======== DATA ========

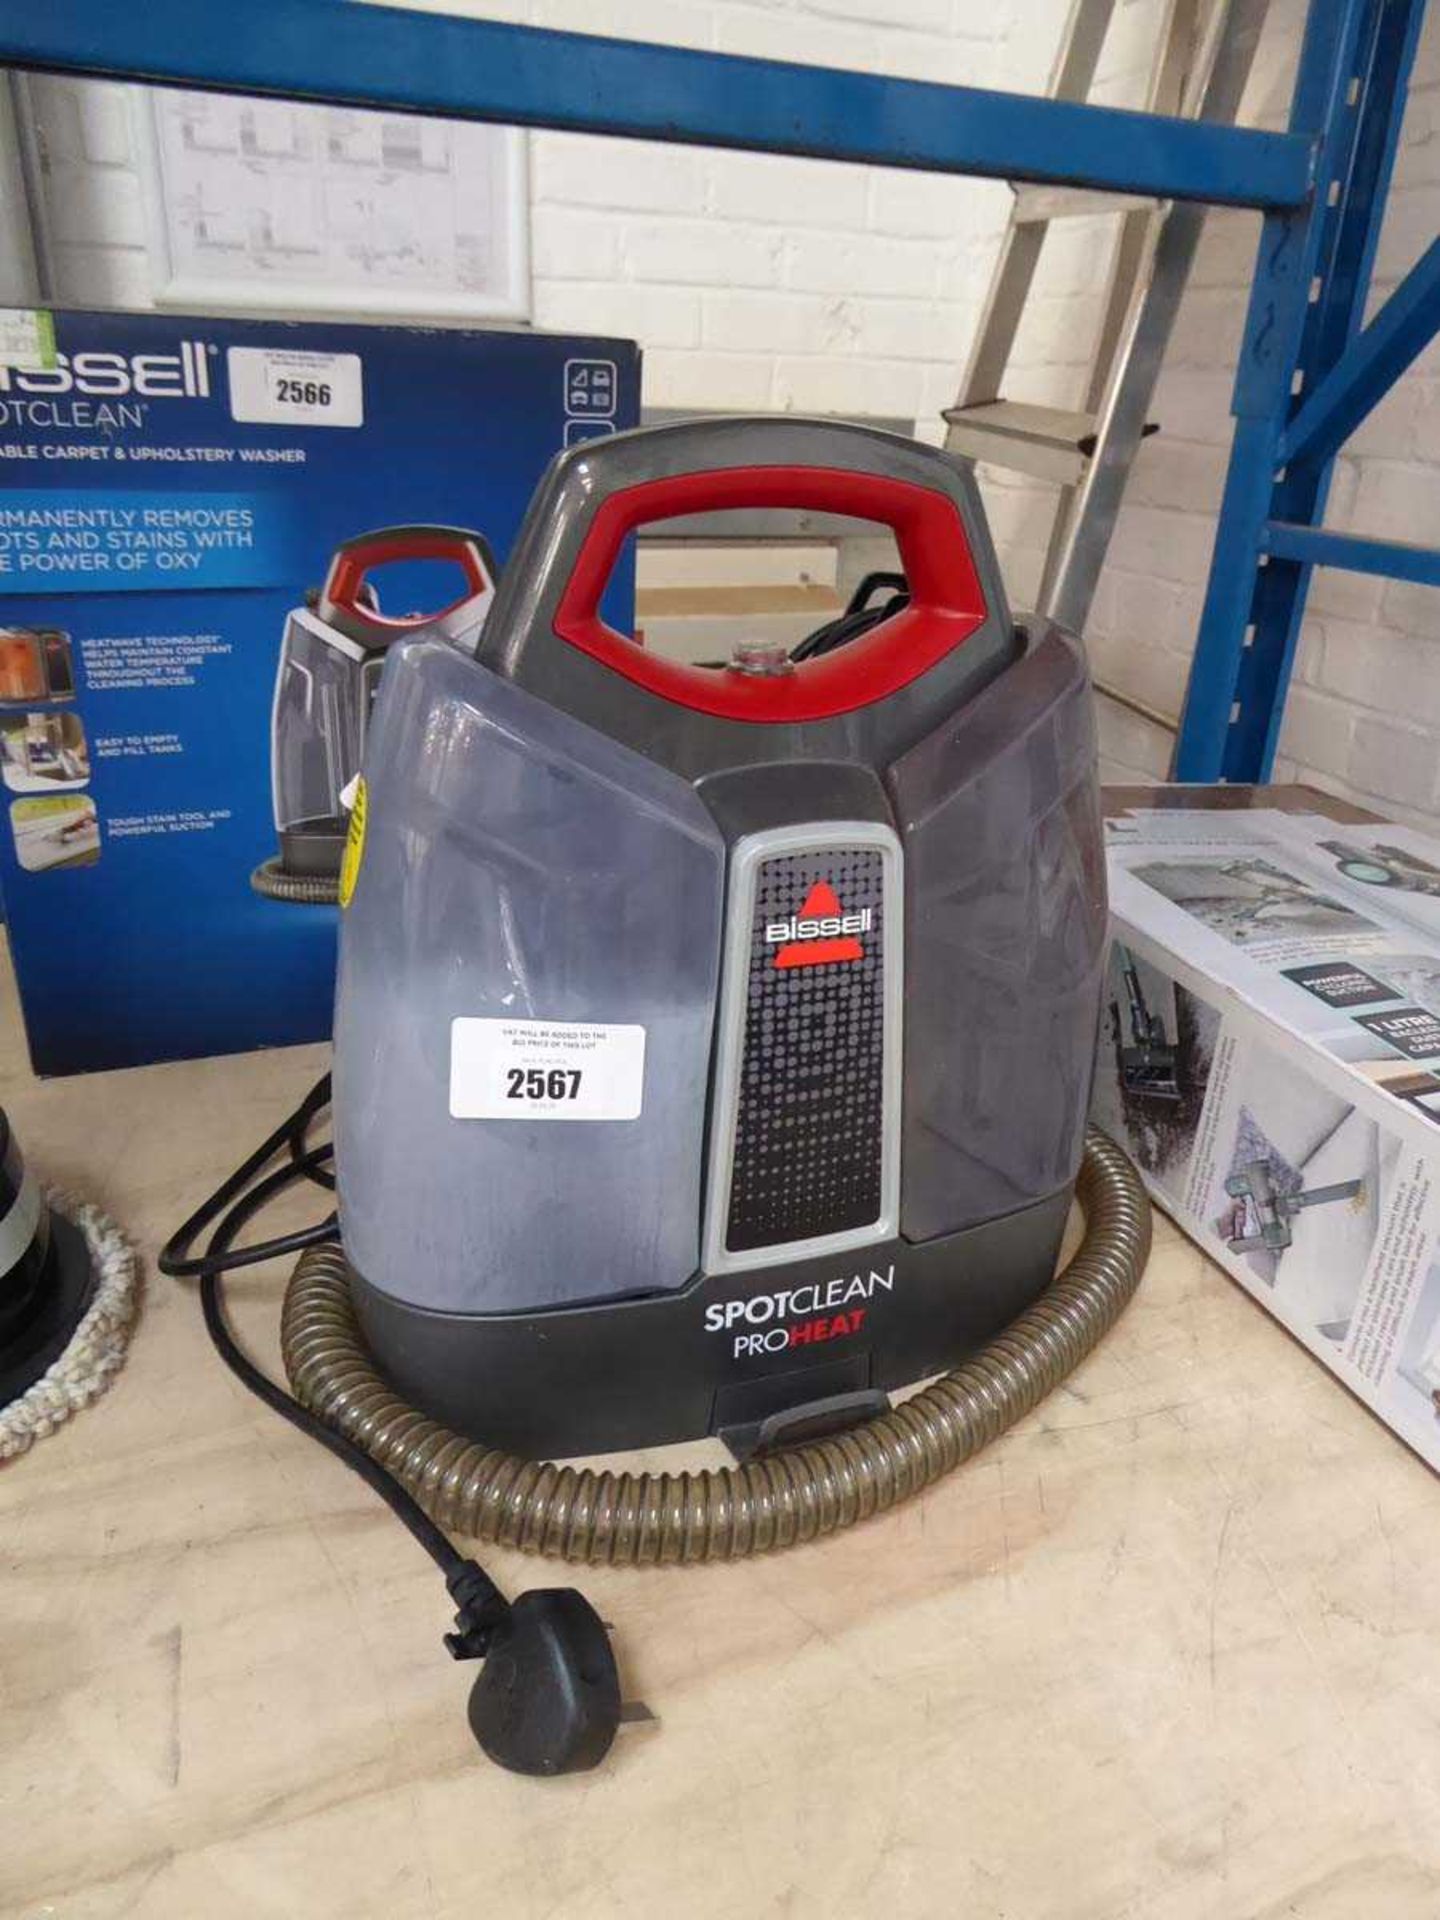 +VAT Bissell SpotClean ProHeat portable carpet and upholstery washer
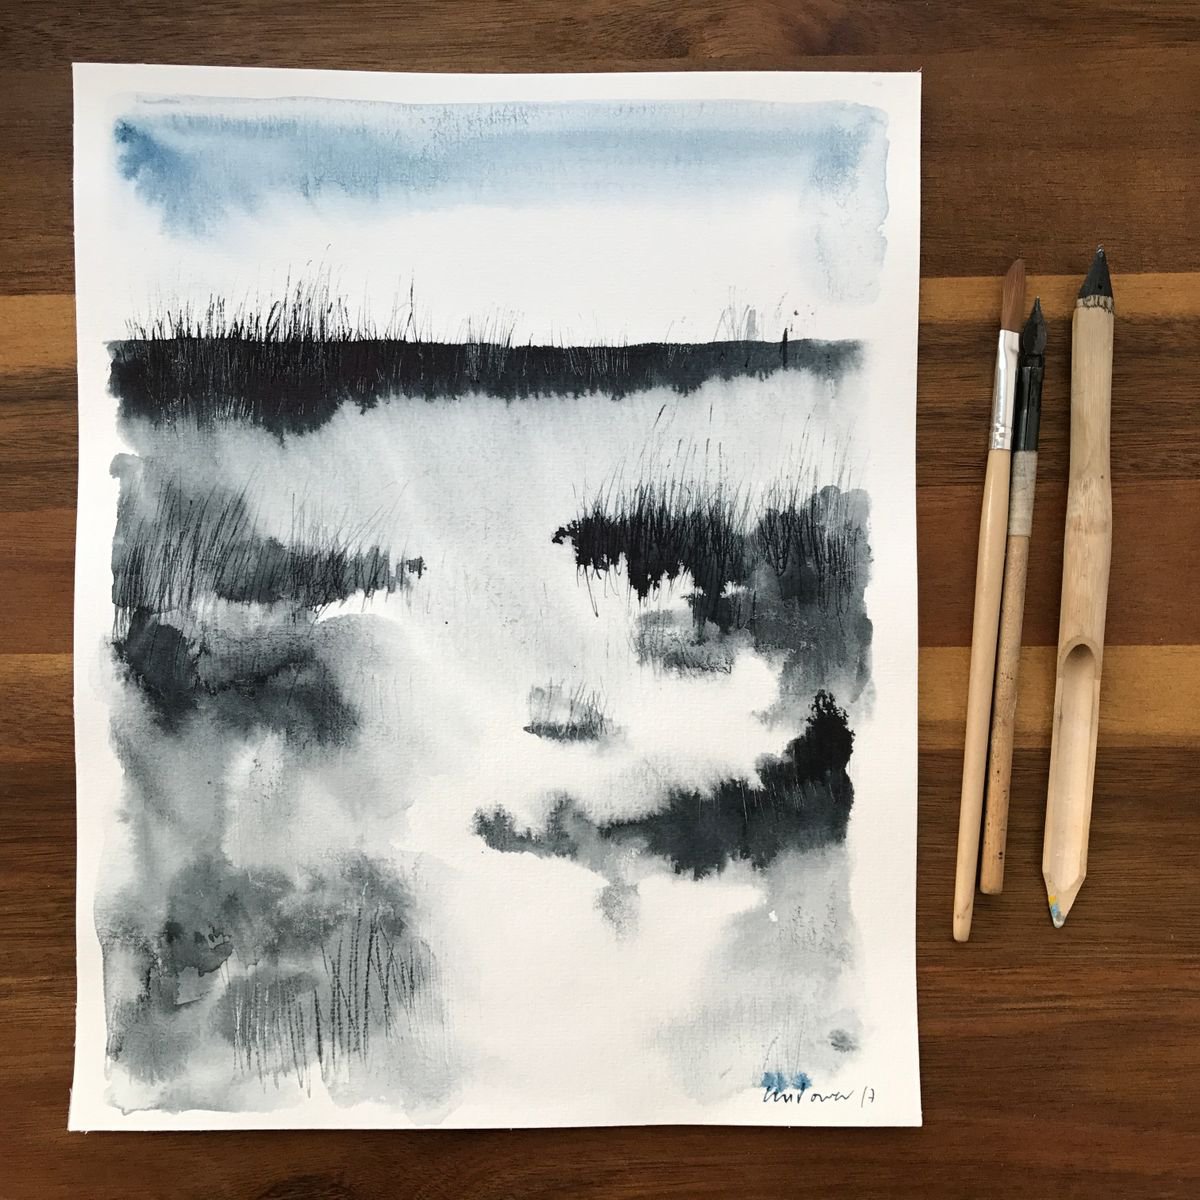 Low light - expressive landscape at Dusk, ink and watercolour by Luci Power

========
======== DATA ========

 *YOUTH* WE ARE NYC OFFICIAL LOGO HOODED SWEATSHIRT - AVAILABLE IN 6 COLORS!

========

From the line containing "and upholstery washer" through the line containing "Low light - expressive", copy every line above exactly, without pictures.

 +VAT Bissell SpotClean ProHeat portable carpet and upholstery washer
 Low light - expressive landscape at Dusk, ink and watercolour by Luci Power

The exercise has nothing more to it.